Beware: This is a post with no pictures.
With Mother’s Day fast approaching, I have been thinking a lot about parenting. More specifically, I have been thinking about parenting a boy whose father has such tales from his growing up years. Then I read this blog post, and it’s like she read my mind. Sarah very eloquently said what I was thinking.
I work with children, and often I see children and teenagers who feel that they are entitled to everything that they desire, plus more. I have also seen parents who refuse to allow their children to take responsibility for anything. It is disheartening to imagine the heart ache that some children will have to face, because they weren't taught that you can not always have your way, and sometimes you have to admit that you are wrong and accept the consequences for your actions. Off that soapbox, and onward.
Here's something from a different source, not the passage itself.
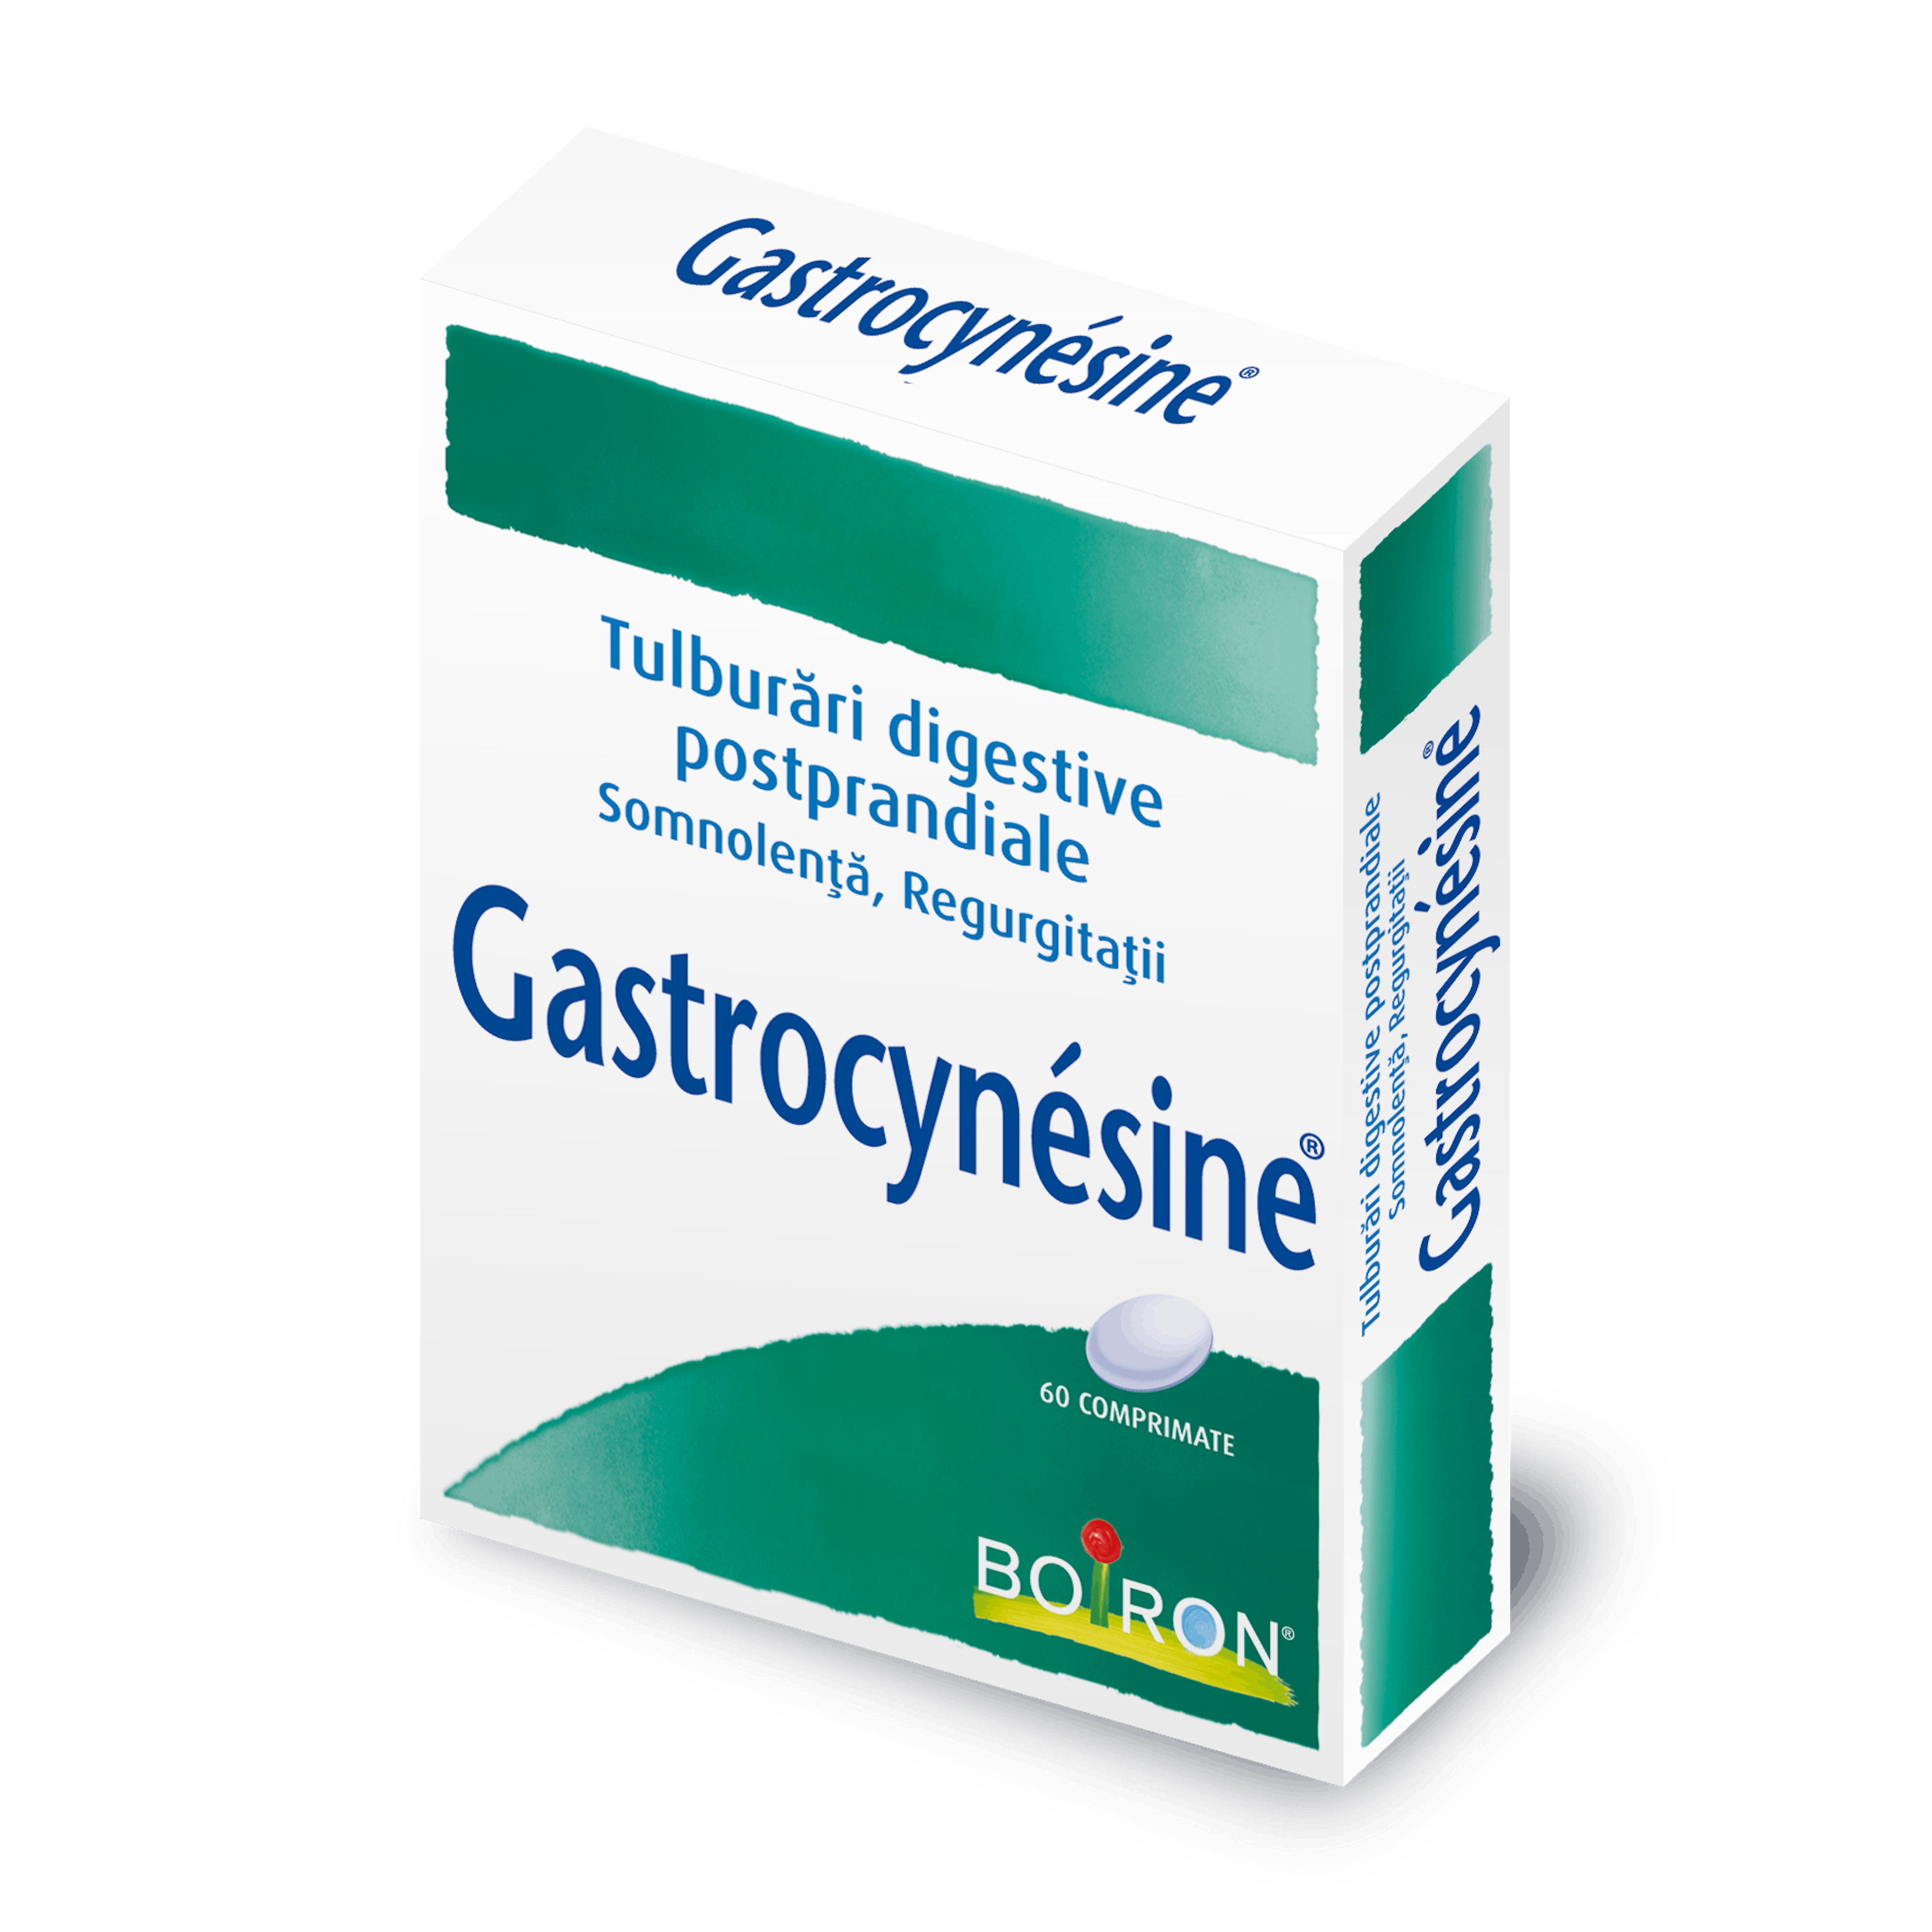 Gastrocynesine

I think that the reason that Sarah's post made such an impact on me, (besides her saying what I was thinking) is that a small part of me fears that I could become that parent. You know the saying "Never say never?" Well the judgmental Tasha has said never quite a few times in the past. Logically, I know that I cannot always control the behavior of my child. I know that he will embarrass me in public at some point with a temper tantrum. I know that he will probably say something to make me look like the worst parent on the face of the earth in the future. I also know that there will be someone who witnesses one of these moments who will judge me. And I may be embarrassed or frustrated, but I will attempt to correct the behavior, and move on. I want to be one of those parents who takes responsibility for the raising of my little boy into a great man. Micah will grow up knowing that he is not my friend. I am his parent. i want him to know that he can tell Mikey and I anything, and that we will always support him. I also want him to know that sometimes we will make decisions that he does not like, but it will be with his best interest at heart. Hopefully, he will appreciate the difference.